Fix $k,n \in \mathbb{N}$ such that $0 < k < n$ and define $v_i := \begin{pmatrix} \sin(2 \pi \cdot \frac{i}{n}) \\ \cos(2 \pi \cdot \frac{i}{n}) \end{pmatrix}$ for $i = 1,...,n$, then all $v_i$ lie on the unit circle and they are the vertices of a regular convex $n$-Gon, in clockwise order.
We can assing a point to every subset $I \subseteq \{1, ..., n\}$ with cardinality $|I|=k$, by setting $w_I := \sum_{i \in I} v_i$. Consider the special $k$-subsets given by the cyclic intervals $I_j := [j, j+k-1]$ (taken modulo $n$ i.e. $I_1 = \{1, ... , k\}, I_2 = \{2, ..., k+1\}, ... , I_n = \{ n, 1, ..., k-1 \}$ ).
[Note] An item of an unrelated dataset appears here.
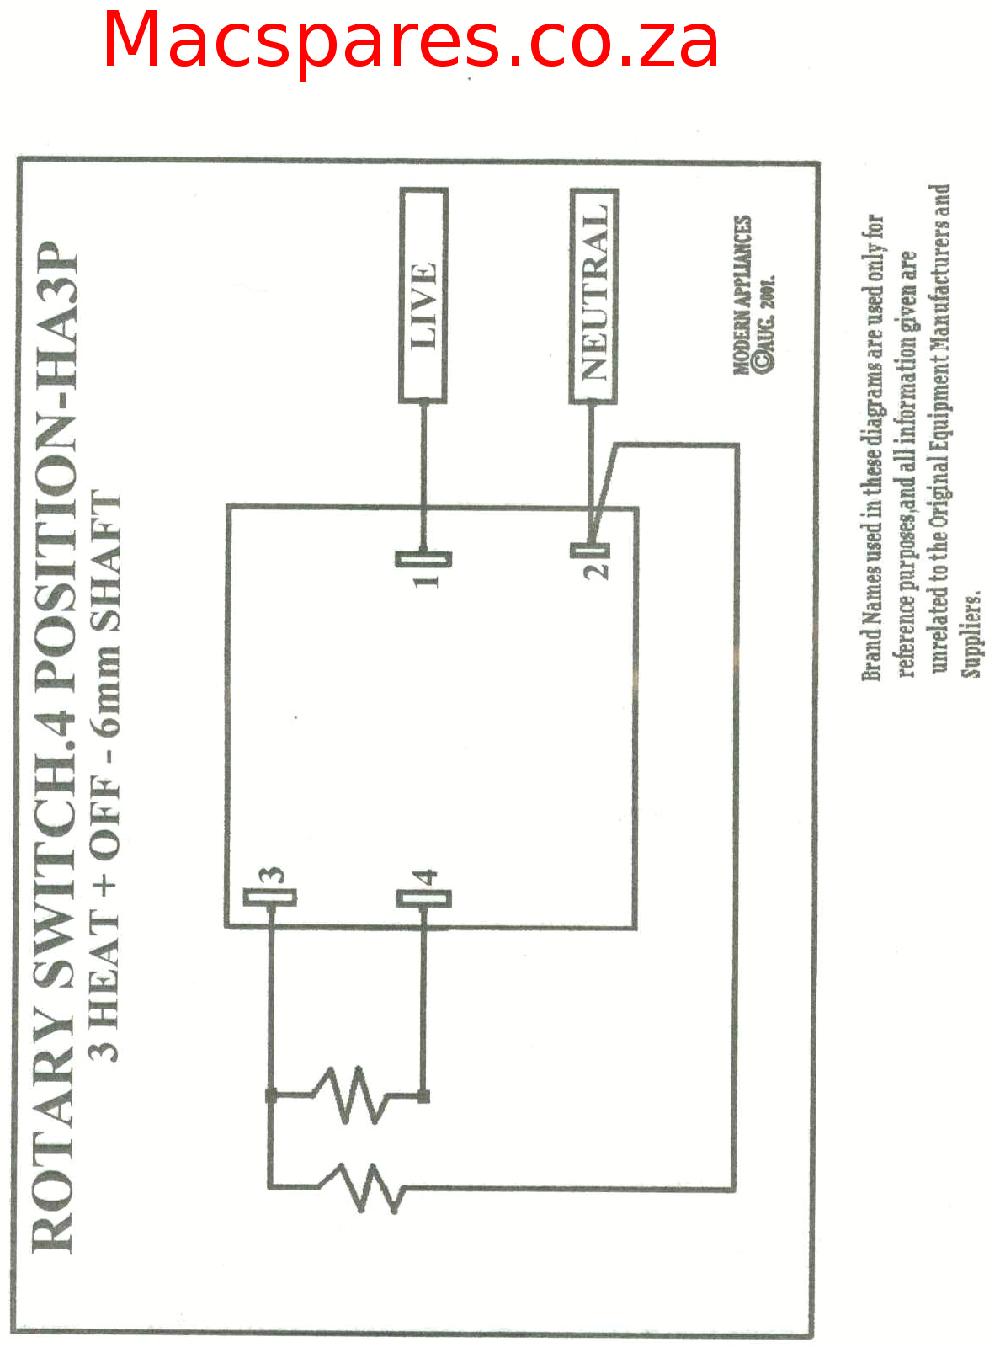 ego energy regulator a nf1 ser energy regulator a simmerstat a strix energy regulator a rotary 3 heat switch a rotary 6 position switch

It is not too difficult to see that the vectors $w_1, ... , w_n$ defined by $w_j := w_{I_j}$ are again the vertices of a convex $n$-Gon, which we will call $P$.
Plotting the points $w_I$ for small values of $k$ and $n$, one observes that for every $k$-subset $I \neq I_1, ... ,I_n$ the point $w_I$ lies strictly inside the polygon $P$.
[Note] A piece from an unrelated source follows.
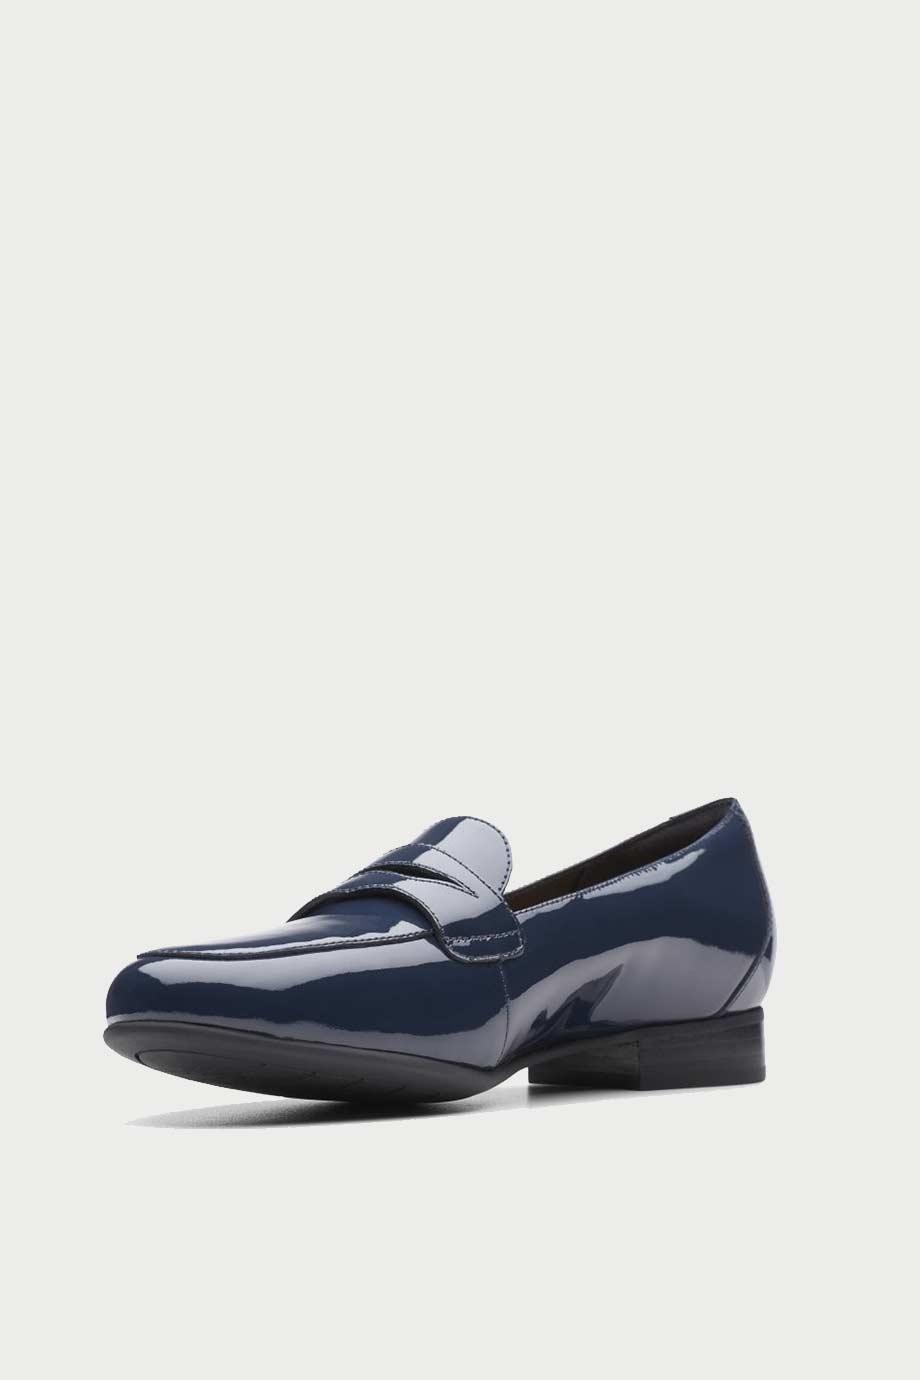 spiridoula metheniti shoes xalkida p un blush go clarks navy patent 4 1

Here is an example where $n = 7$ and $k=2$.
The vector $x_1 = v_1 + v_3$ as well as $x_2 = v_5 + v_1$ lie strictly inside the polygon $P$ formed by $w_1, ... ,w_7$.
$\textbf{Now my Question:}$ After fixing $k$ and $n$, do all vectors $w_I$ with $I \subseteq \{1,...,n\}$ and $|I|=k$ lie (strictly, if $I \neq I_j$ as above) inside of the convex $n$-Gon formed by $w_1, ..., w_n$ ?